Two minutes later–inside the restaurant, Erin’s co-worker tries again to convince Alan that she was “his tutor”, which he simply denied as false.  Alan comes back with presenting a “low key” approach, not a full scale date.  The woman agrees to see a whale do a bunch of tricks with two other guys as part of the class!  How cool is that.

Sparks fly in the 71st minute, so at least there is a happy ending.

But somehow, we end up right back were we started–aboard the train.

Too bad the cab driver got stuck in traffic that is the near equivalent of rush hour over the Kennedy Expressway the day before Thanksgiving in Chicago.

The final minutes lead into one guy singing on a plane about dreams and seeing them come true, ala going to Brazil.

The last underlying message about consistency is talked about at the end with the infamous/famous Ralph Waldo Emerson quote.

A nice view of Boston Harbor is our final major scene, as Alan Gelfant walks side by side with Erin Castleton.

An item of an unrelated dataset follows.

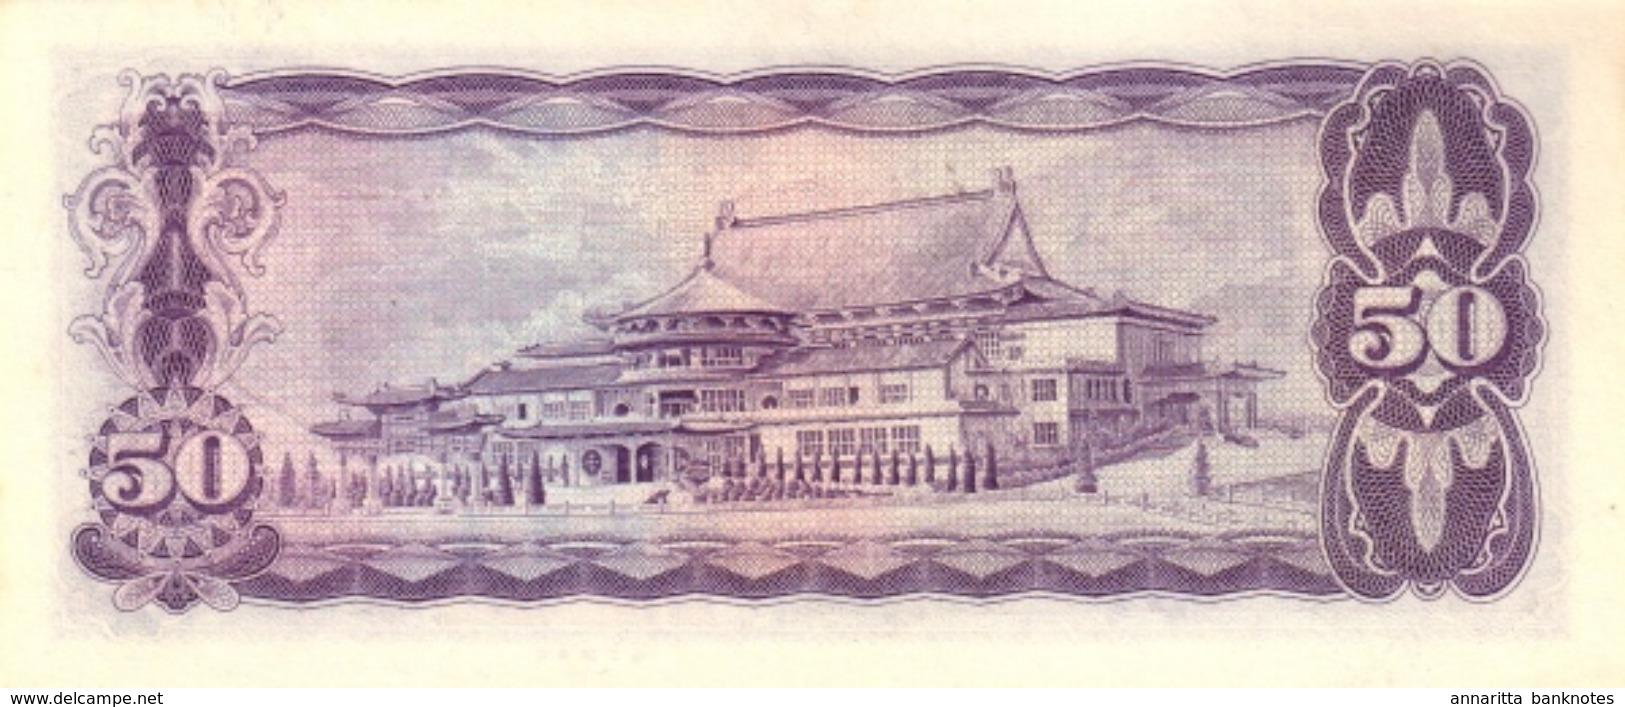 TAIWAN 50 YUAN 1970 P-1980 AU/UNC [TW382a] - Taiwan
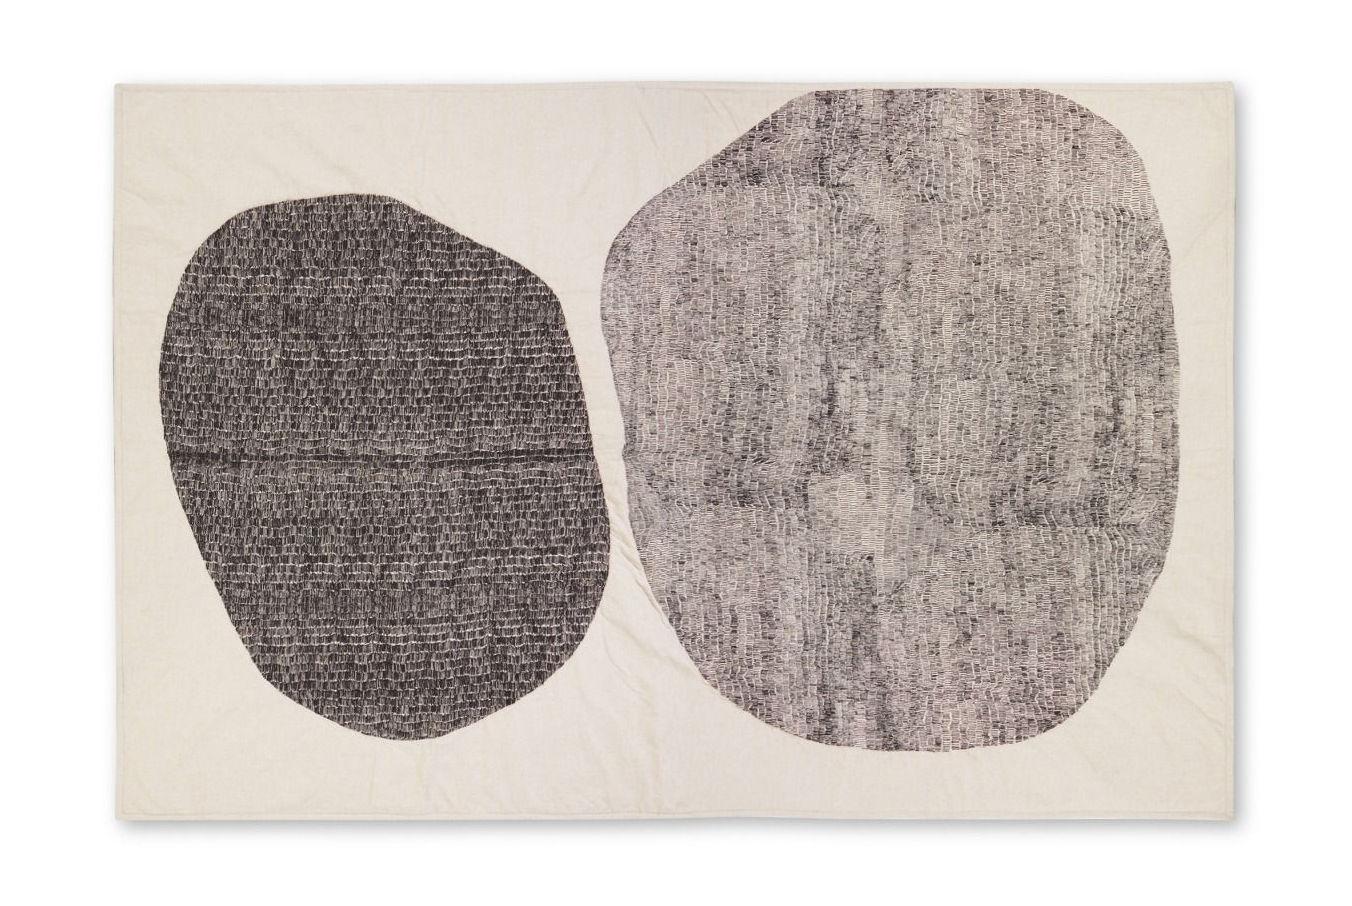 Decoration - Bedding & Bath Towels - Stitch Plaid - / 130 x 200 cm - Embroidered by Tom Dixon - Black & beige - Cotton, Linen, Polyester, Viscose

At least, it was very cool to hear Bebel Gilberto closing out with a song in the credits, “Batacuda.”

It was a fair movie, but this would be a decent movie to watch if life was throwing you a bunch of curveballs.  Then, you can follow it up by playing some Patricia Talem or Bianca Rossini.

The Miramax release from Robbins Entertainment, Inc. was not bad, but not great either.

No bonus features were included, nor there were any chapter titles in the DVD menu.

I tried to think of ten different titles and none of them worked.


To all of my American readers, especially the new followers–

Please have a happy and safe Thanksgiving.

Cranberry sauce recipe optional, just fyi.